Part of the work that I do is as a therapeutic Arts practitioner; I work in a mental health context as well as in community settings to engage and explore the experience of others through the Arts. In order to support and develop my practice in these contexts I have found it critical to feed my own artistic appetite. I have made a commitment to developing my own private art practice, I see it as a way to extend and reflect on the dynamic systems of interpersonal exchanges in my daily experiencing, my art practice nurtures my inner life by attending acutely to my sensorial system, it keeps me creatively inspired and maintains a working knowledge of materials and techniques that I can bring back into my work. 

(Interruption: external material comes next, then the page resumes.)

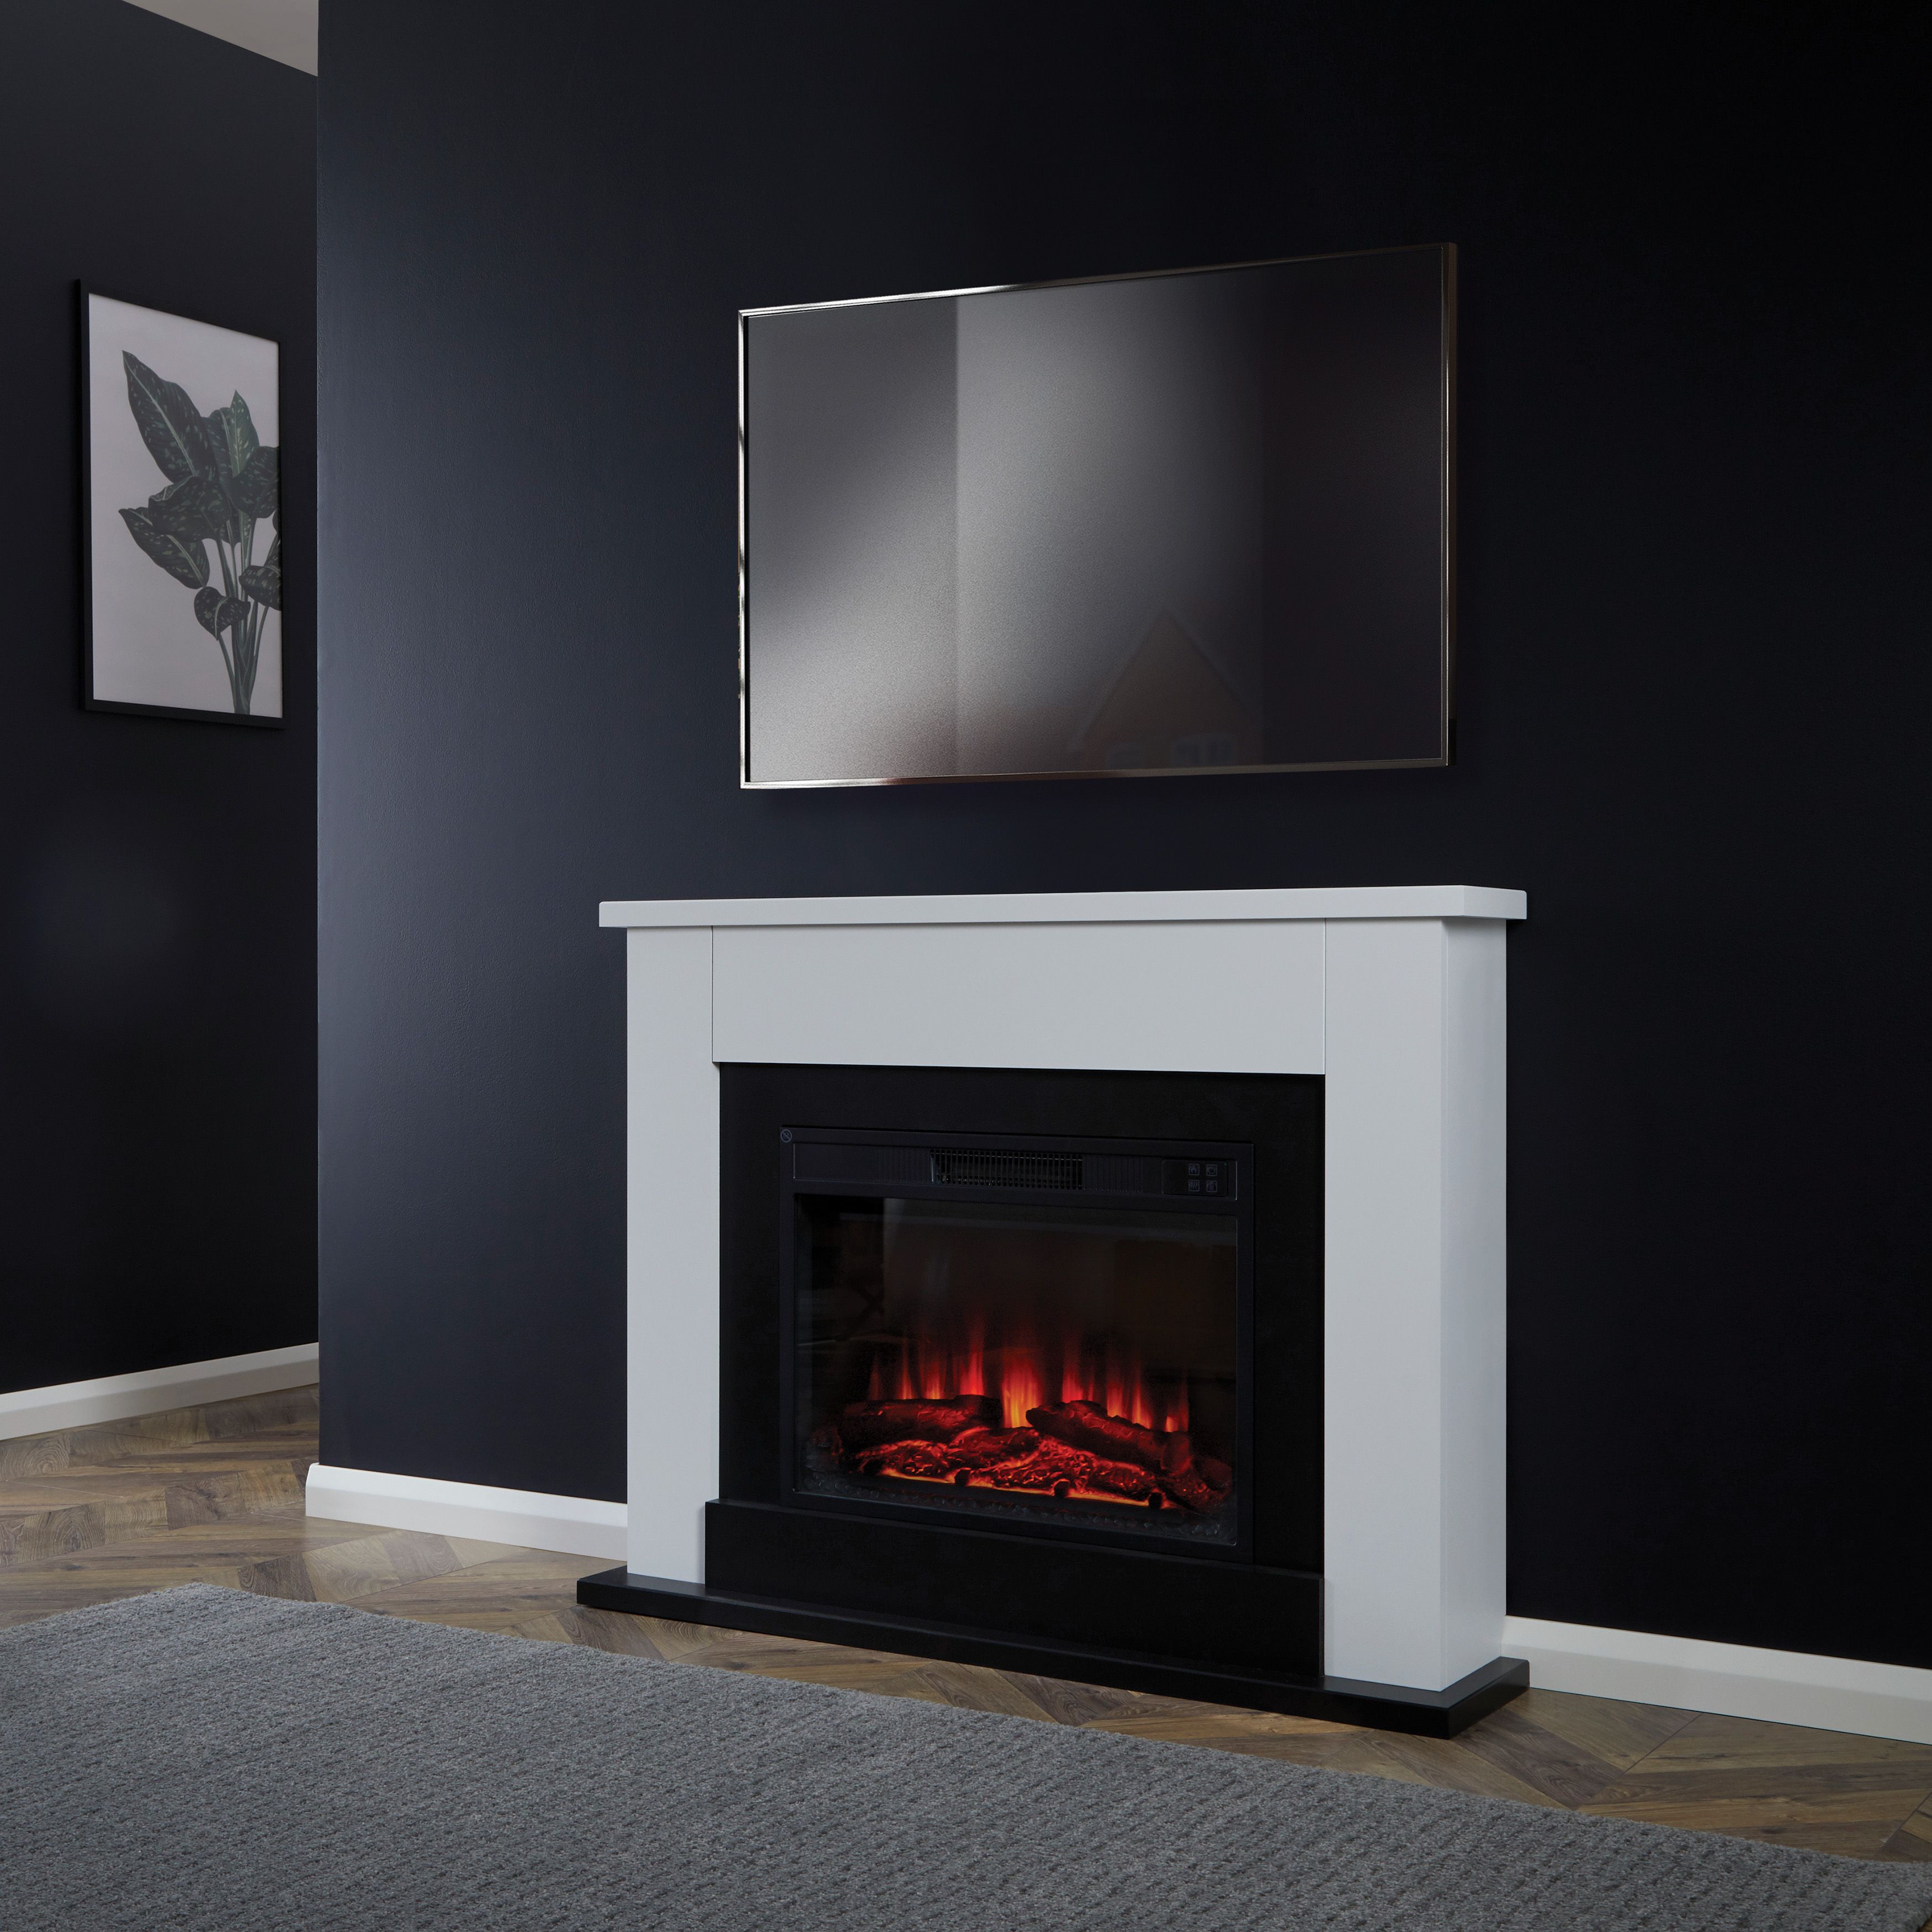 Suncrest Ryedale Black & white Textured stone effect Electric fire suite

I also have a strong community of practice amongst other artists; we share and collaborate on creative projects, inviting each other to provide critical feedback, curatorial advice and discussing the machinations of process in an effort to share our knowledge and support the development of individual expression.

Most recently I worked with artist Elyss McCleary to develop a 24hr project that explored our individual responses to sound, through the medium of drawing. We worked intermittently through the day and into the night to visually transcribe or respond to sound; from the gallery space, the surrounds, each other and visitors. 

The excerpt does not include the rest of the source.